Homme de théâtre, Yves Sioui Durand vient de réaliser Mesnak, film qu'il qualifie d'«acte d'art». Art dans le sens d'oeuvre. Et acte dans un sens politique. Car Mesnak, premier long métrage de fiction tourné par un membre des Premières Nations au Québec, est un cri du coeur qui n'épargne personne.

Yves Sioui Durand aimerait bien que les membres des Premières Nations utilisent les outils de la modernité pour se réapproprier leurs racines. Le problème, c'est que l'usage qu'ils font de ces outils risque au contraire de catalyser la dissolution de leur identité.
En d'autres mots, le progrès peut être synonyme de toxicité. Et, dans le cas des autochtones, de décomposition culturelle. Voilà un des thèmes qu'explore le réalisateur à travers les personnages de Mesnak.

Chez les Autochtones, il y a un risque de tomber dans le panneau du progrès, notamment chez les leaders politiques, dit le réalisateur. Dans un contexte de développement et d'intégration économique, il peut survenir un point de non-retour en matière de culture.»

Dire que l'auteur s'inquiète des effets que pourrait avoir le Plan Nord sur la vie autochtone est un euphémisme. Mais les inquiétudes de M. Sioui Durand ont été exprimées bien en amont du projet chéri du premier ministre Jean Charest. Mesnak est en fait un dérivé de la pièce Hamlet-le-Malécite, que Sioui Durand et sa troupe de théâtre Ondinnok ont créée il y a plusieurs années. Cette pièce est un dérivé d'Hamlet, qui, pour reprendre les mots de l'auteur innu, «veut la justice dans un monde de corruption».

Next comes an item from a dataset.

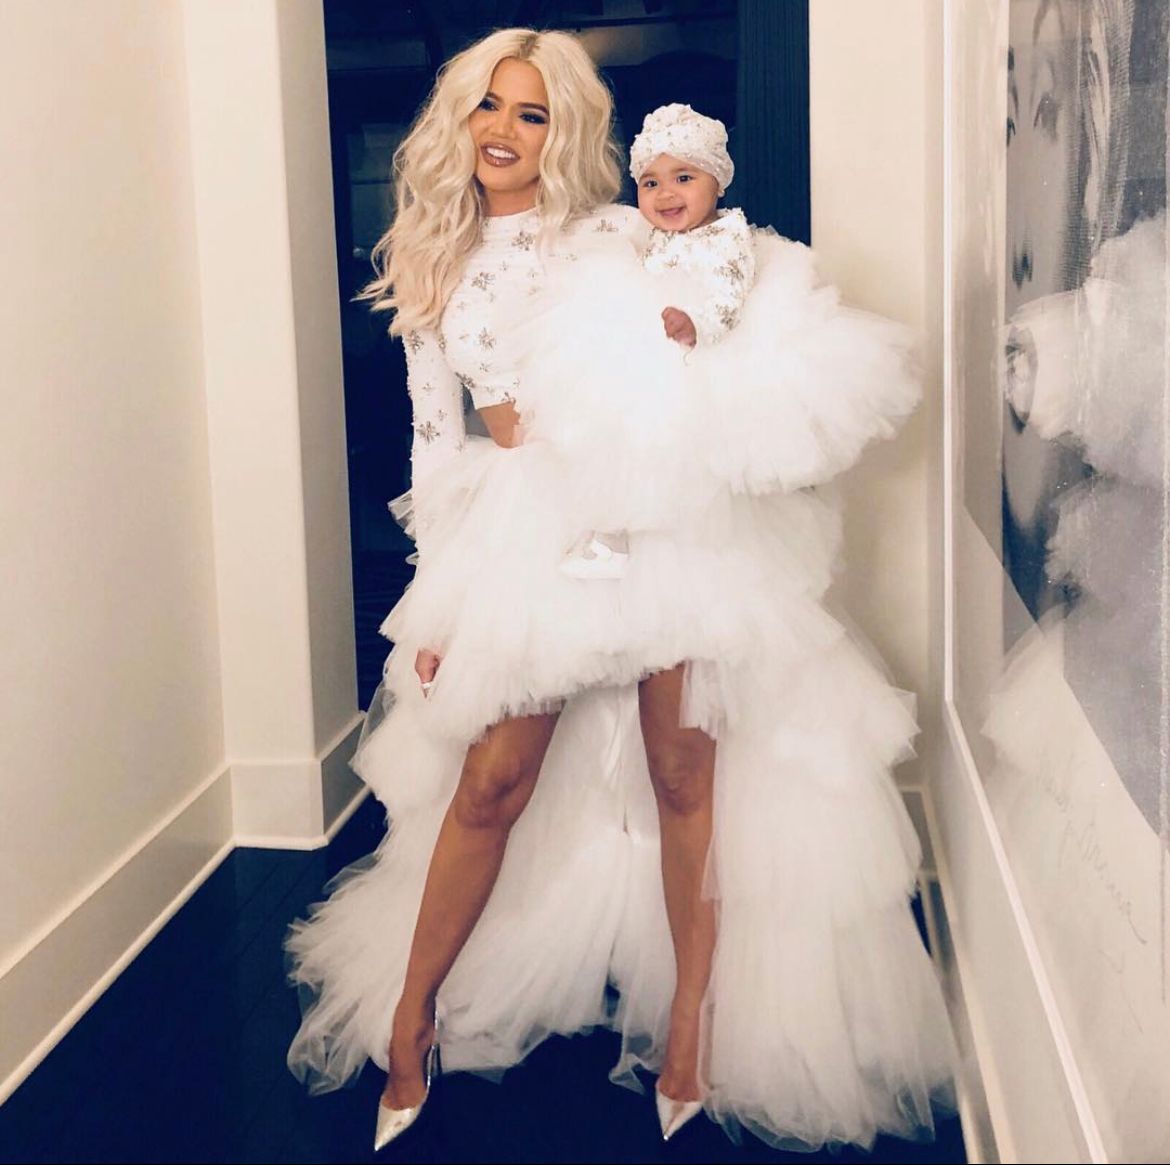 Khloe Kardashian and her daughter True Thompson
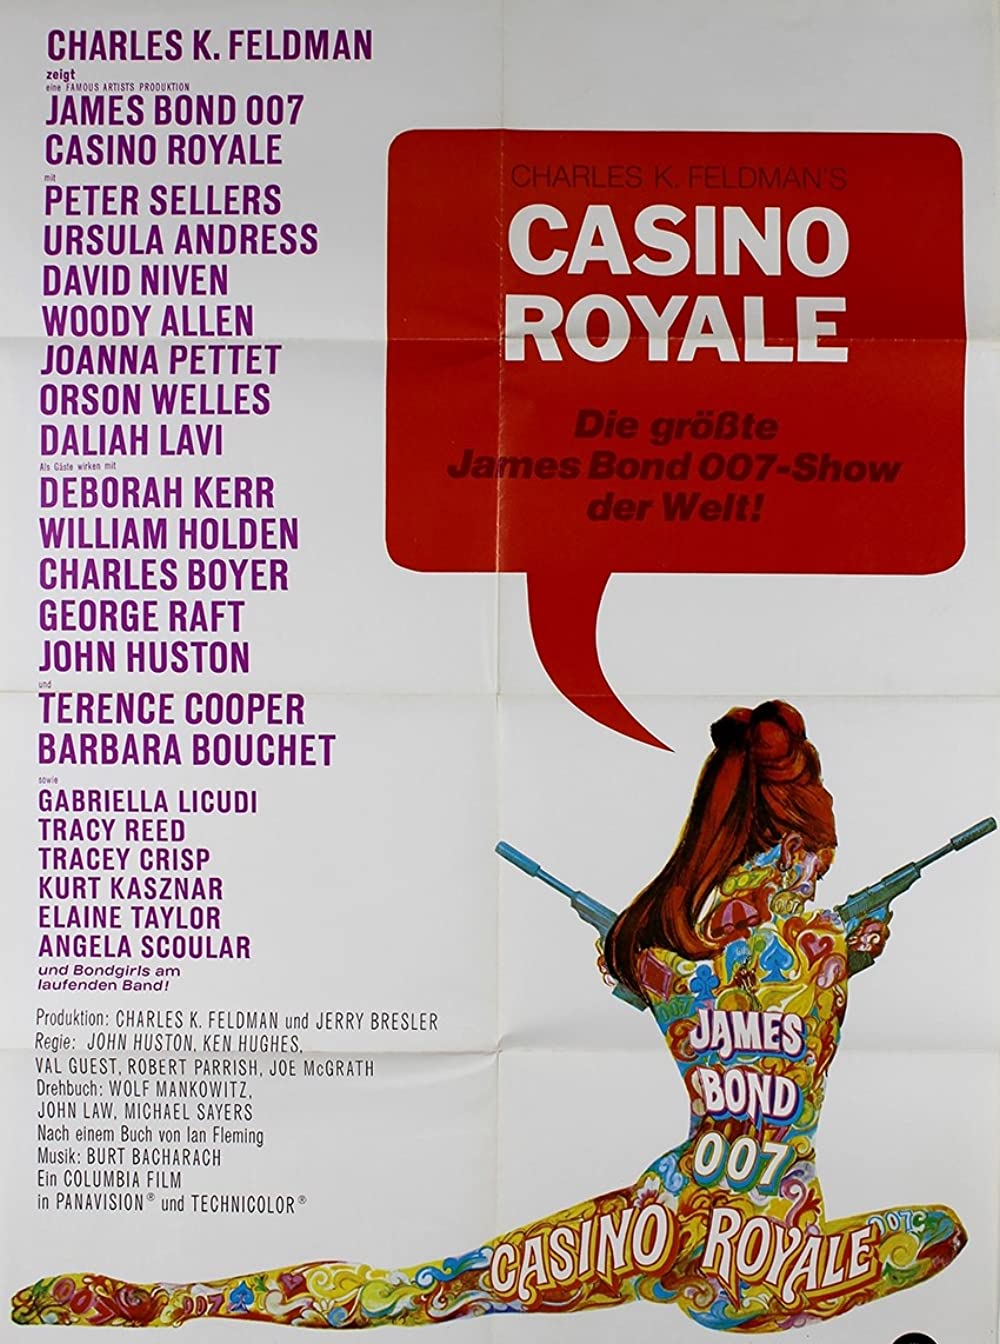 Filmbeschreibung zu Casino Royale (1967)

Mesnak nous introduit dans le monde très flou de Dave (Victor Andrés Trelles Turgeon), comédien dans la vingtaine vivant en ville au sein d'une famille de Blancs qui l'ont adopté en bas âge. Un jour, après avoir appris d'où il venait, il se rend dans la réserve autochtone où vit Gertrude (Kathia Rock), sa mère biologique. Un retour qui aura pour effet de rouvrir de vieilles blessures. Le tout sur fond de cupidité de certains membres de la nation qui profitent d'un projet à fort potentiel économique.

Plongée en enfer

C'est chez Gertrude que les vieilles blessures se rouvriront avec le plus d'acuité. Depuis 20 ans, elle avait réussi à enterrer un passé douloureux que la venue de Dave fait resurgir.
Gertrude a peur et a honte. Elle a peur que son fils biologique lui demande pourquoi elle l'a laissé en adoption. Son seul moyen de défense est de lui dire qu'elle n'a jamais voulu de lui», raconte Kathia Rock.

Pour cette comédienne et auteure-compositrice-interprète, qu'on verra aussi dans le film Maïna de Michel Poulette, le tournage de cette scène a été un moment difficile, contre nature, à s'arracher le coeur. «C'est la scène qui m'a demandé le plus de concentration», dit-elle.

Pour aller aussi loin dans les émotions, Mme Rock a plongé dans sa propre douleur de mère. «J'ai cinq enfants dont l'un, John Lennon McKenzie, est mort à deux ans et demi d'une grave maladie, dit-elle. C'est chez lui que je suis allée puiser la force et l'émotion nécessaires.»

Né au Pérou et ayant grandi dans plusieurs municipalités du Québec, Victor Andrés Trelles Turgeon voit quant à lui des correspondances entre Dave et lui: beaucoup de questionnements face à l'identité, un sentiment d'appartenance constamment remis en question, le poids du regard de l'autre...

Le rôle de Dave est arrivé à un moment où j'avais aussi ces questionnements, dit le comédien. Je crois qu'il m'a aidé à faire un peu la paix avec ces interrogations sur ma relation avec mon identité québécoise.»

Du tournage, il a aimé cette rencontre avec l'autre. Une bonne partie du film a été tournée à Maliotenam, près de Sept-Îles. «La communauté nous a accueillis et intégrés, dit-il. Par exemple, toute l'équipe du film a été invitée à un mariage. J'ai découvert à quel point ces gens sont taquins. Ils aiment rire.»

La réalité des Autochtones dépeinte dans le film est dure, mais peut-être moins que dans la vraie vie, croit Kathia Rock. Yves Sioui Durand est encore plus tranchant. À ses yeux, beaucoup de problèmes minent les communautés: inceste, drogues, alcool, violence familiale. «Des histoires compliquées qui font des êtres fracturés», dit-il. Ce qui n'empêche pas Mesnak de laisser poindre un peu de lumière.

***

Mesnak prend l'affiche le 17 février.